¹H-NMR (500 MHz, CDCl_3, δ ppm): 2.62 (m, 1H), 2.81 (m, 1H), 3.16 (m, 1H), 3.48 (m, 1H), 3.89 (m, 3H).

¹³C-NMR (125 MHz, CDCl₃, δ ppm): 43.68, 50.41, 68.78, 72.79, 77.04, 125.04.

¹⁹F-NMR (400 MHz, CDCl₃, δ ppm): −74.672.

FT-IR (cm^–1): 3065.47, 3007.29, 2934.41, 456.25, 1411.91, 1276.50, 1153.17, 999.05, 963.23, 901.59, 850.42, 828.78, 763.14, 666.82, 609.55, 554.15, 535.57, 428.18, 413.60.

4.3. Synthesis of TFEP

In a two-neck round bottom glass flask, 206.4 mL of TFE (2.88 mol), followed by 2.3 g of anhydrous lithium hydroxide, LiOH (0.0961 mol), was added. Then, the reaction mixture was heated to 70 °C. After about 5–10 min at 70 °C, LiOH melted in the reaction mixture. Then, 30 g of TFGE (0.19 mol) prepared in Step 1 was slowly added to the reaction mixture in a dropwise addition method. The reaction mixture was then stirred and heated at 70 °C under a nitrogen atmosphere for 24 h. Then, after 24 h, the reaction was stopped and cooled to room temperature and neutralized with 0.3 N HCl solution. The pure product, TFEP was isolated from the crude reaction mixture by solvent extraction with dichloromethane/water for three times. The organic solvents were separated by rotary evaporation, giving the pure compound TFEP in 90% yield (44.30 g).
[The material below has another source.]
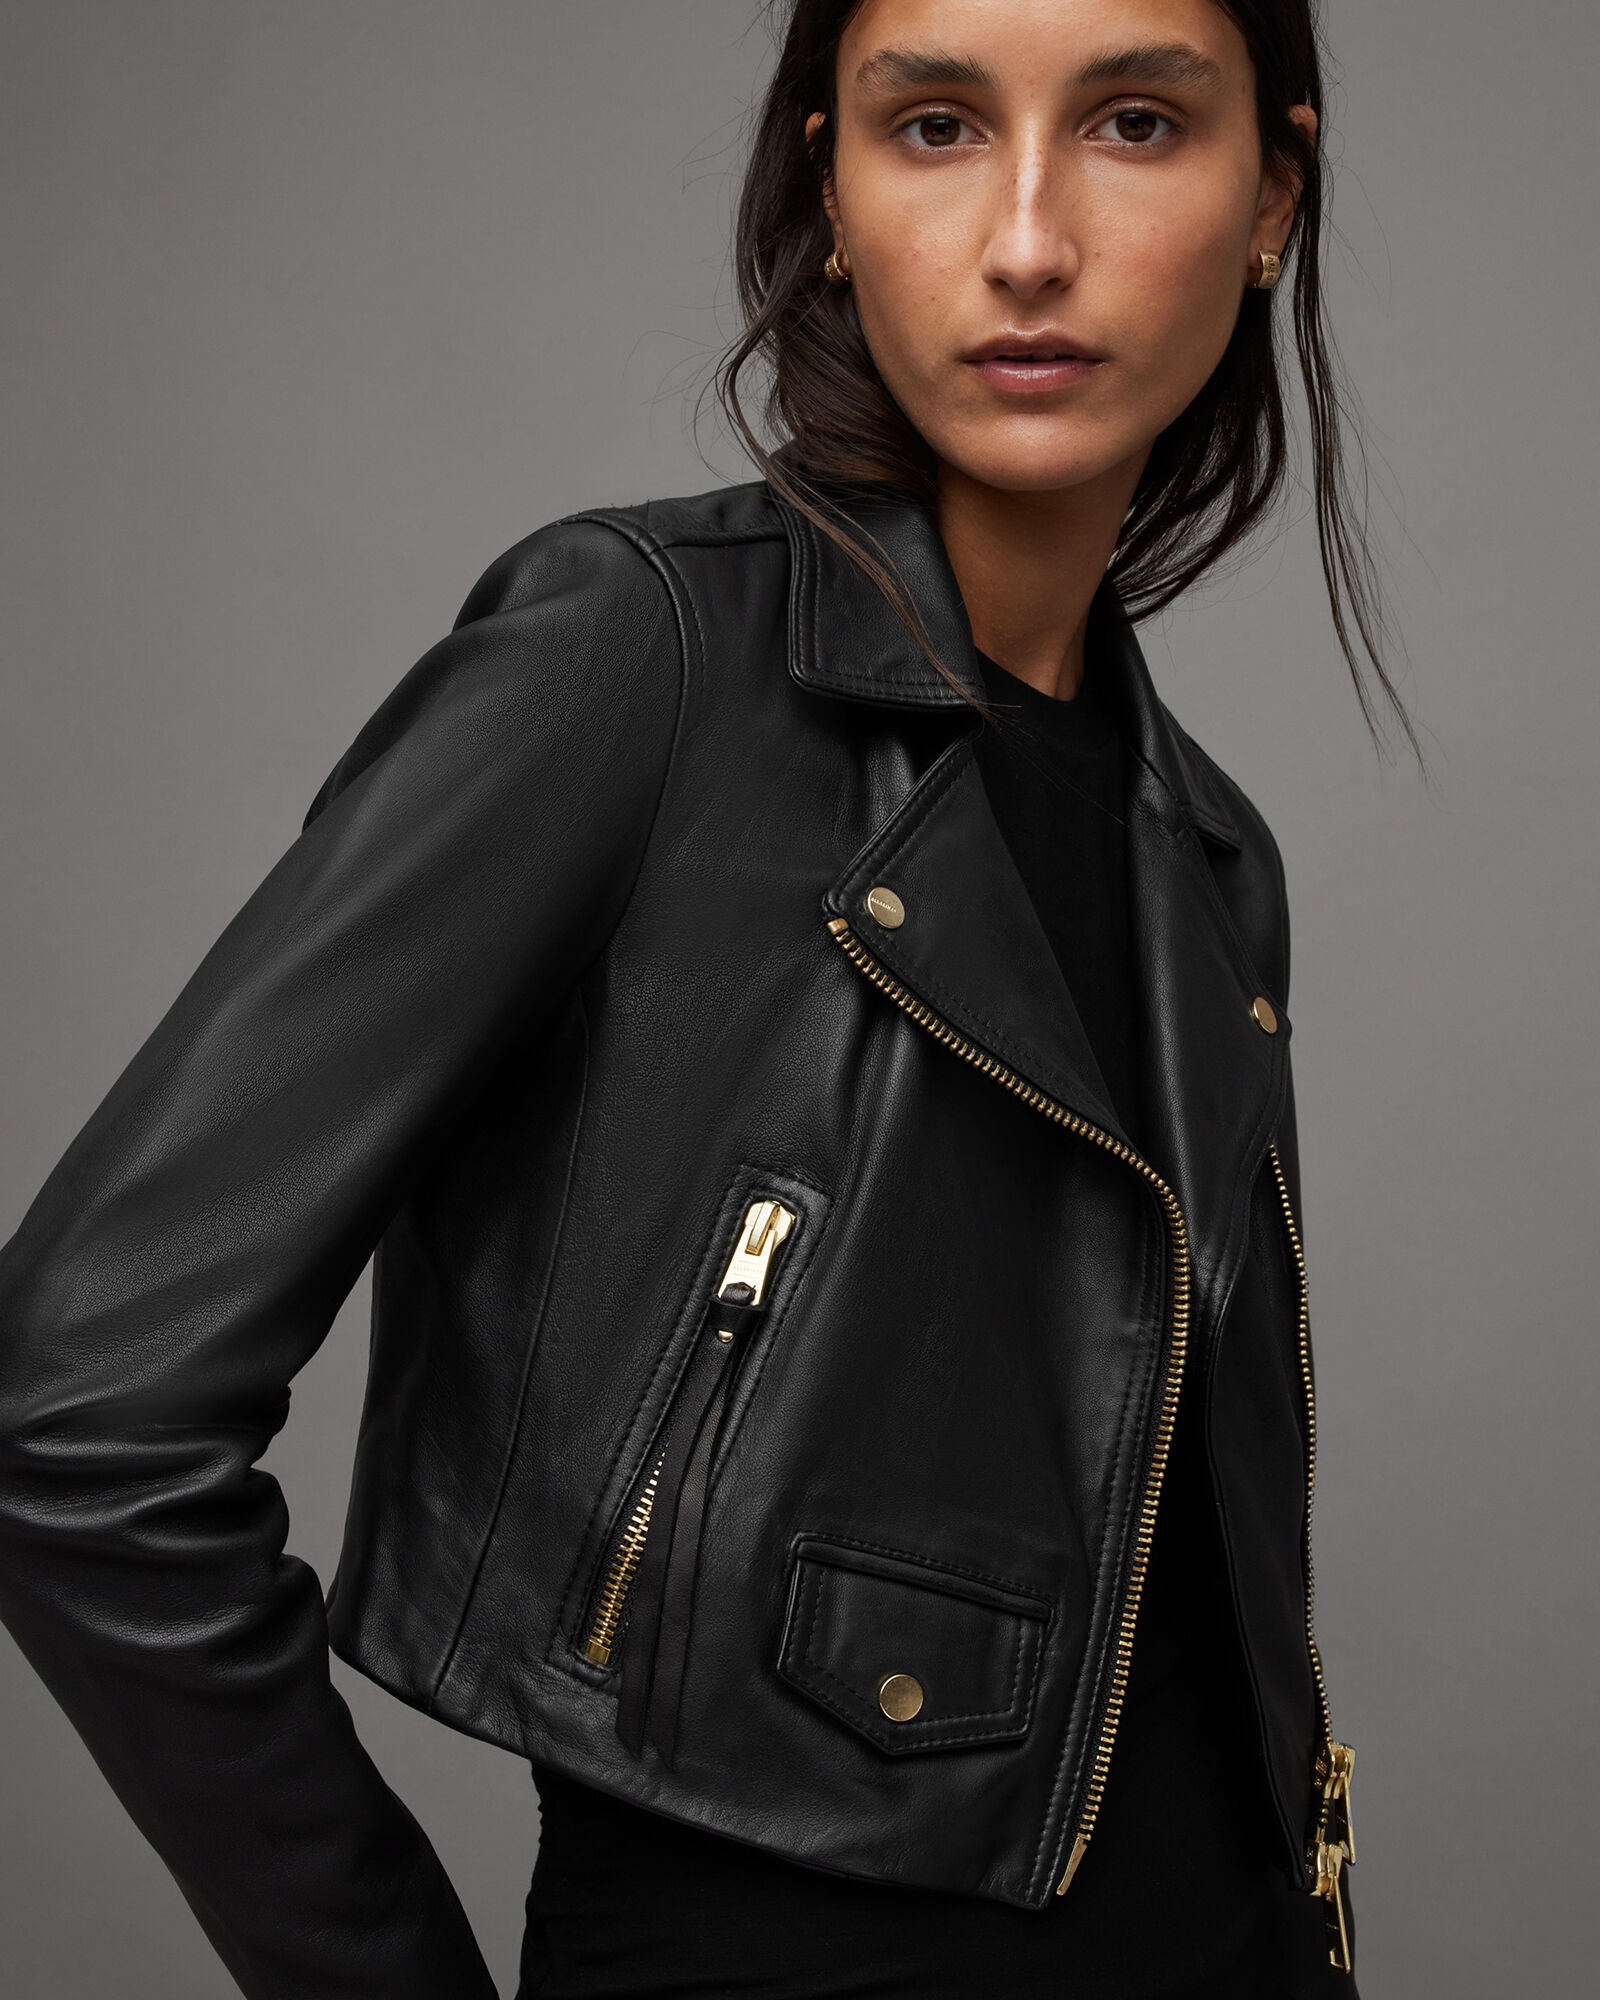 Ladies Textile & Leather Motorcycle Jackets – LadyBiker Limited

¹H-NMR (500 MHz, CDCl_3, δ ppm): 4.00(m, 1H), 3.90(q, 4H), 3.71(m, 4H), 2.5(s, 1H).

¹³C-NMR (125 MHz, CDCl_3, δ ppm): 68.41, 68.68, 68.96, 69.23, 69.34, 73.05, 120.48, 122.70, 124.92, 127.14.

¹⁹F-NMR (400 MHz, CDCl₃): −74.62.

FT-IR (cm^–1): 3440.29, 3020.58, 2936.77, 2892.01, 1459.11, 1443.79, 1413.11, 1276.12, 1216.25, 1145.69, 995.46, 967.57, 875.86, 827.868, 754.08, 667.27, 545.95, 498.87.
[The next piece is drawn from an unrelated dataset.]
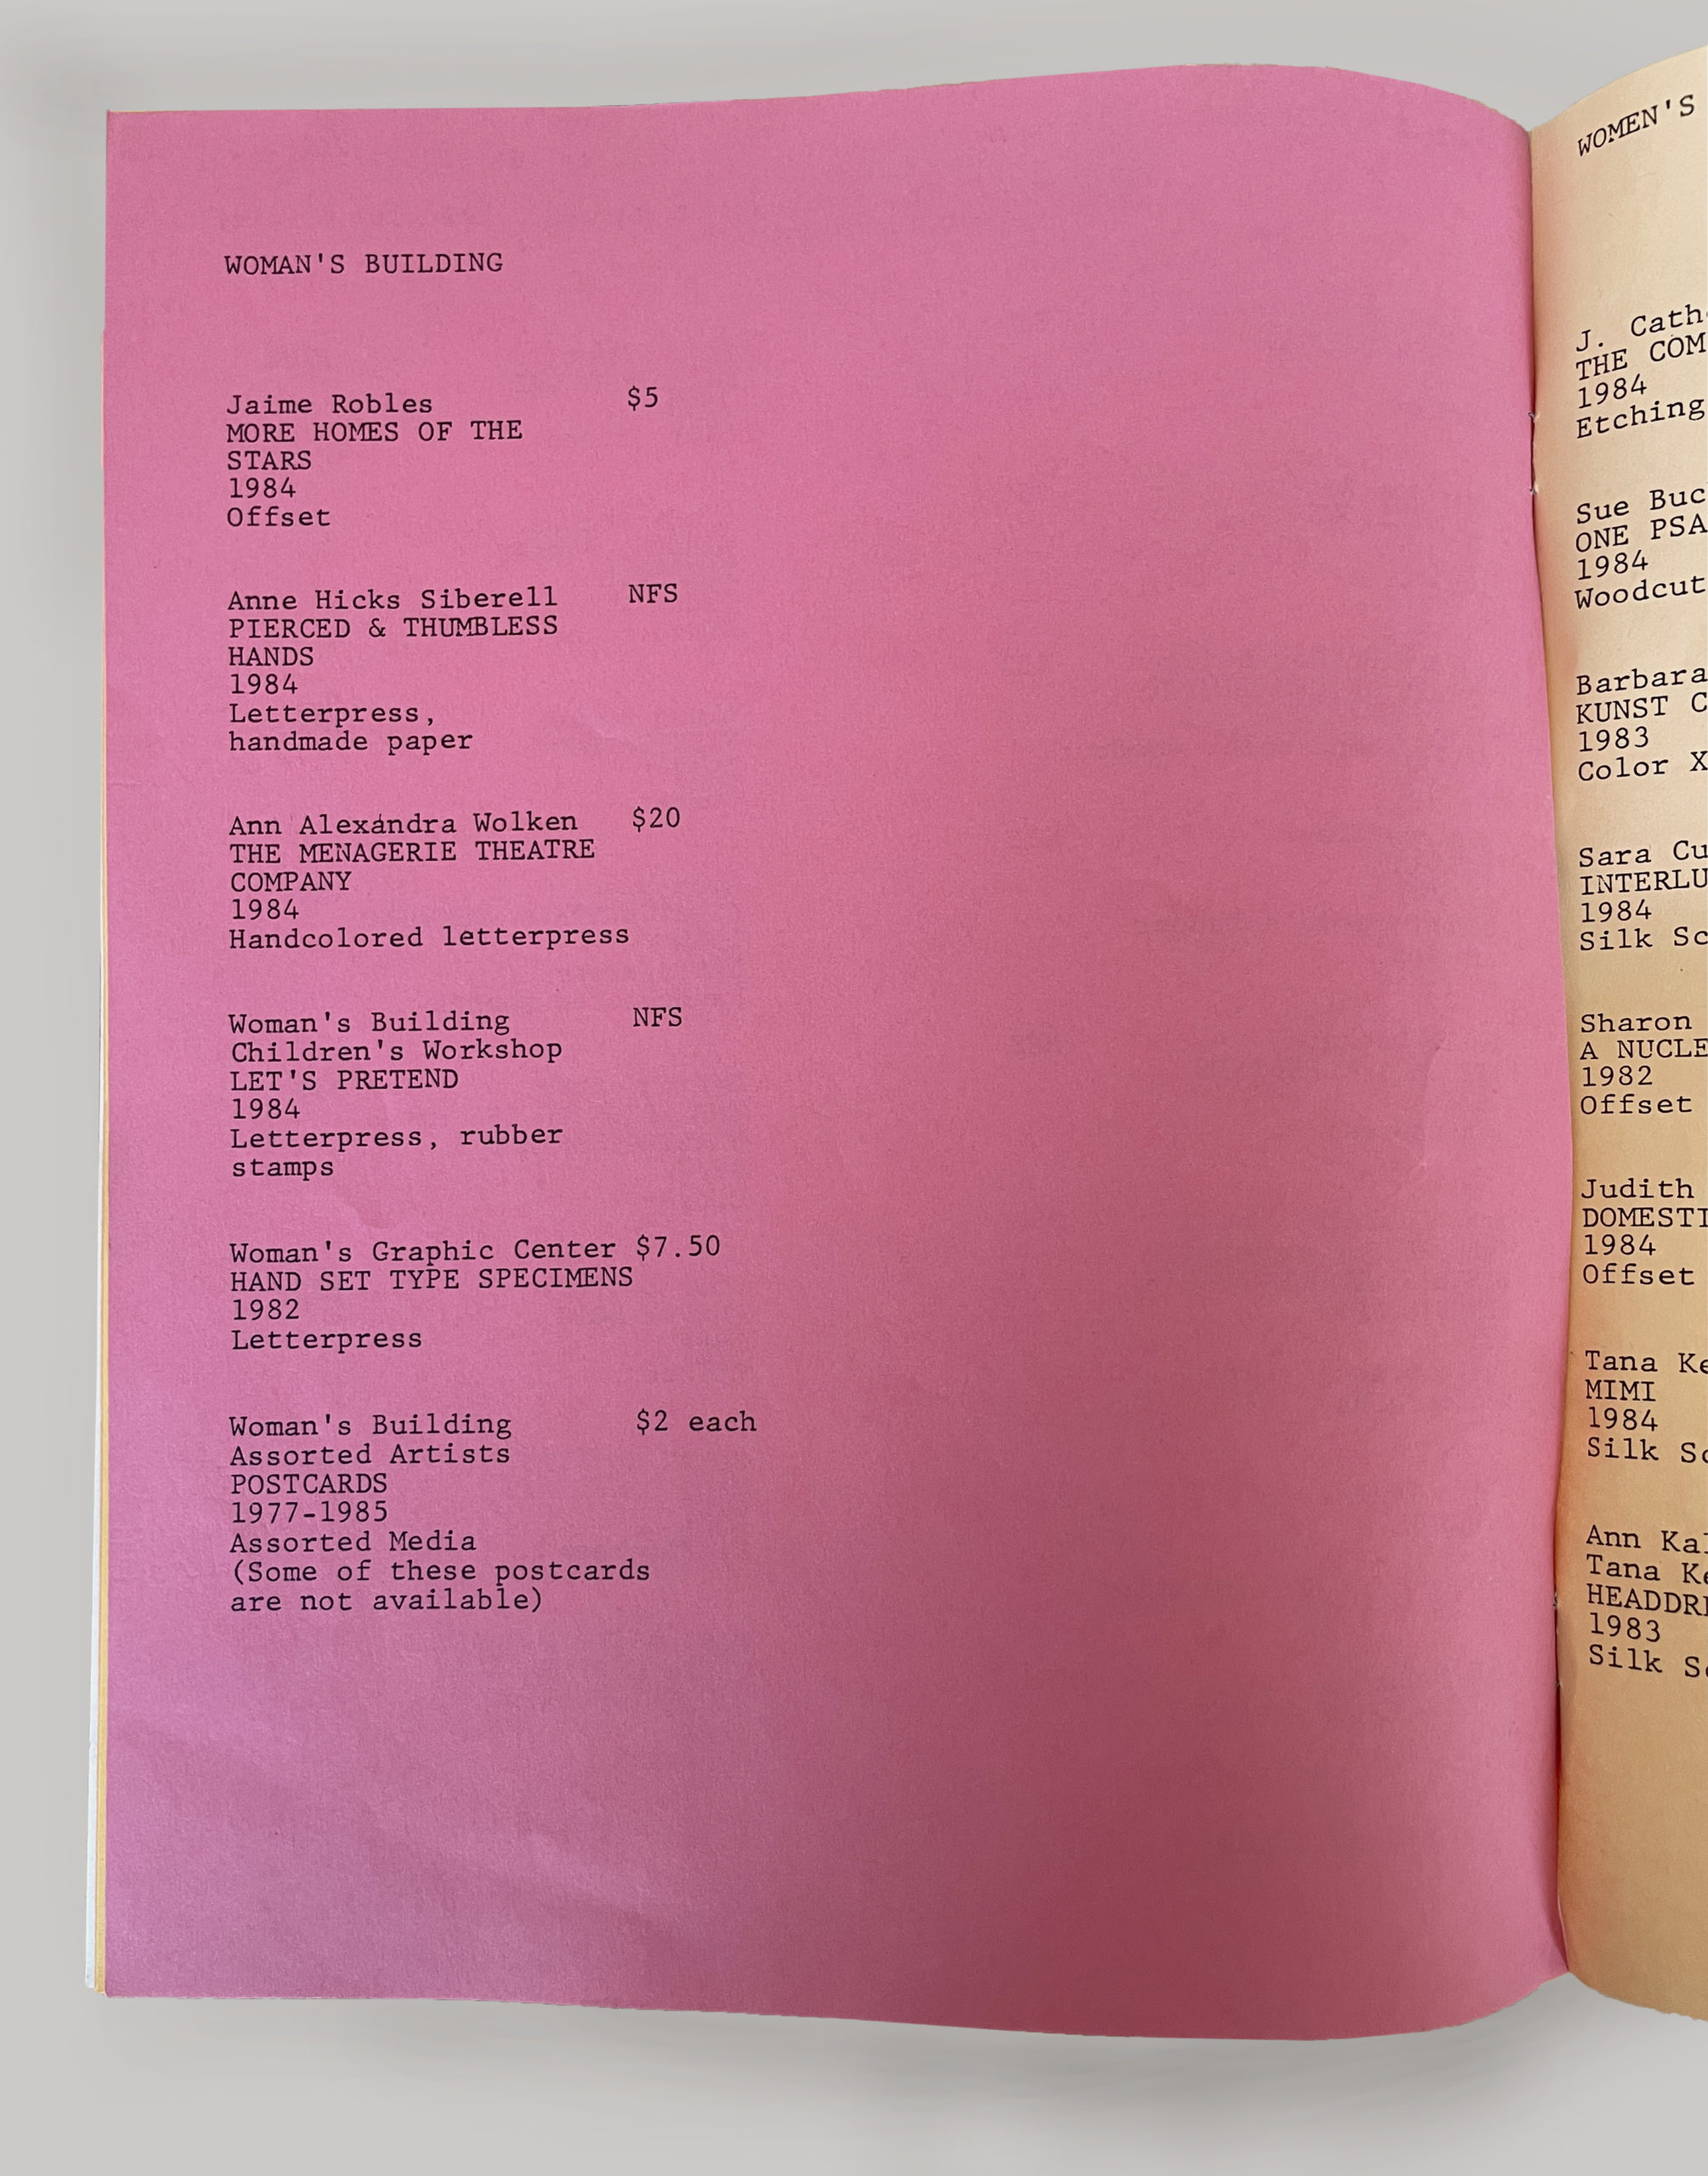 bright pink paper with typewriten checklist of artworks in one column

4.4. Synthesis of di(Trifluoroethyl-ether)2-nitrato-propanol or ACRHEM-Energetic Plasticizer-1 or ACR-ENP-1

In a two-necked round bottom flask, 1 g of TFEP (3.32 mmol) was slowly added dropwise under a nitrogen atmosphere to a stirring solution of 8 mL of concentrated nitric acid (∼98% fuming nitric acid freshly obtained from distillation of sulfuric acid and sodium nitrate) at −10 °C. Then, the reaction mixture was stirred at 10 °C under a nitrogen atmosphere for 8 h. After the completion of the reaction, the reaction mixture was slowly and carefully poured into crushed ice. The crude reaction mixture in the crushed ice was solvent-extracted for three times with a dichloromethane/water mixture to give the desired product, di(trifluoroethyl-ether)2-nitrato-propanol or ACR-ENP-1 in 70% yield (757 mg).

¹H-NMR (500 MHz, CDCl_3, δ ppm): 3.91(m, 8H), 5.33(m, 1H).
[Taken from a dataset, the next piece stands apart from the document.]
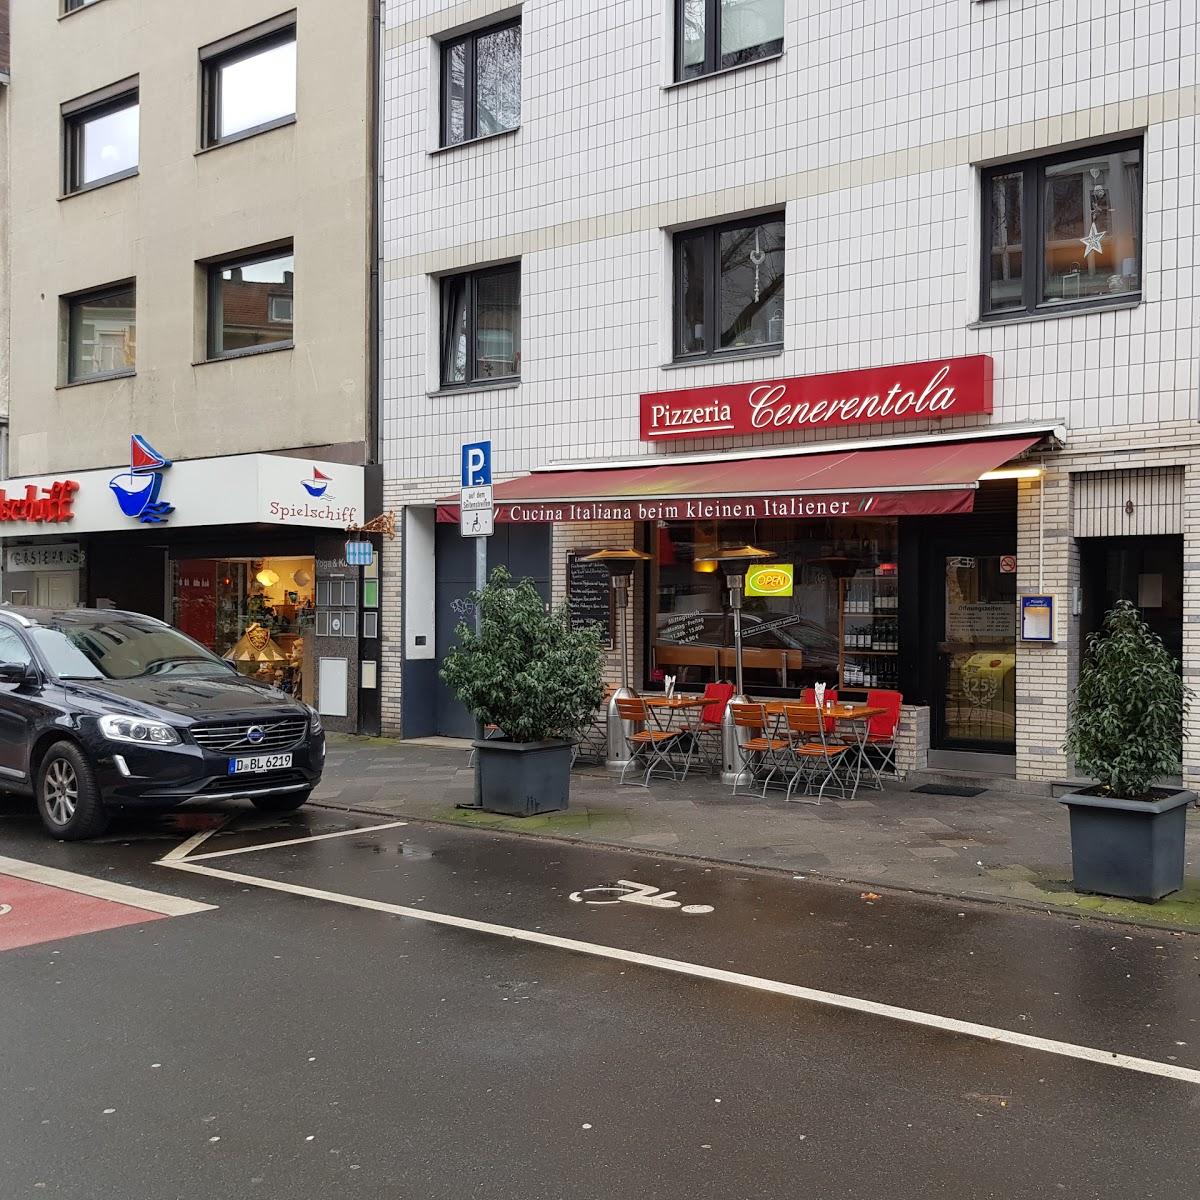 Restaurant "Pizzeria Cenerentola" in Düsseldorf

¹³C-NMR (125 MHz, CDCl_3, δ ppm): 68.48, 68.76, 69.03, 69.13, 69.31, 79.74, 120.23, 122.51, 124.73, 126.95.

¹⁹F-NMR (400 MHz, CDCl₃): −74.46.

FT-IR (cm^–1): 2945.85, 1769.86, 1639.16, 1444.52, 1272.64, 1149.26, 967.445, 903.09, 844.55, 753.35, 666.22, 554.59.

Supporting Information Available

The Supporting Information is available free of charge at https://pubs.acs.org/doi/10.1021/acsomega.2c00808.

• Characterization of compound by NMR, mass spectrometry, FT-IR, and HPLC (PDF)

The authors declare no competing financial interest.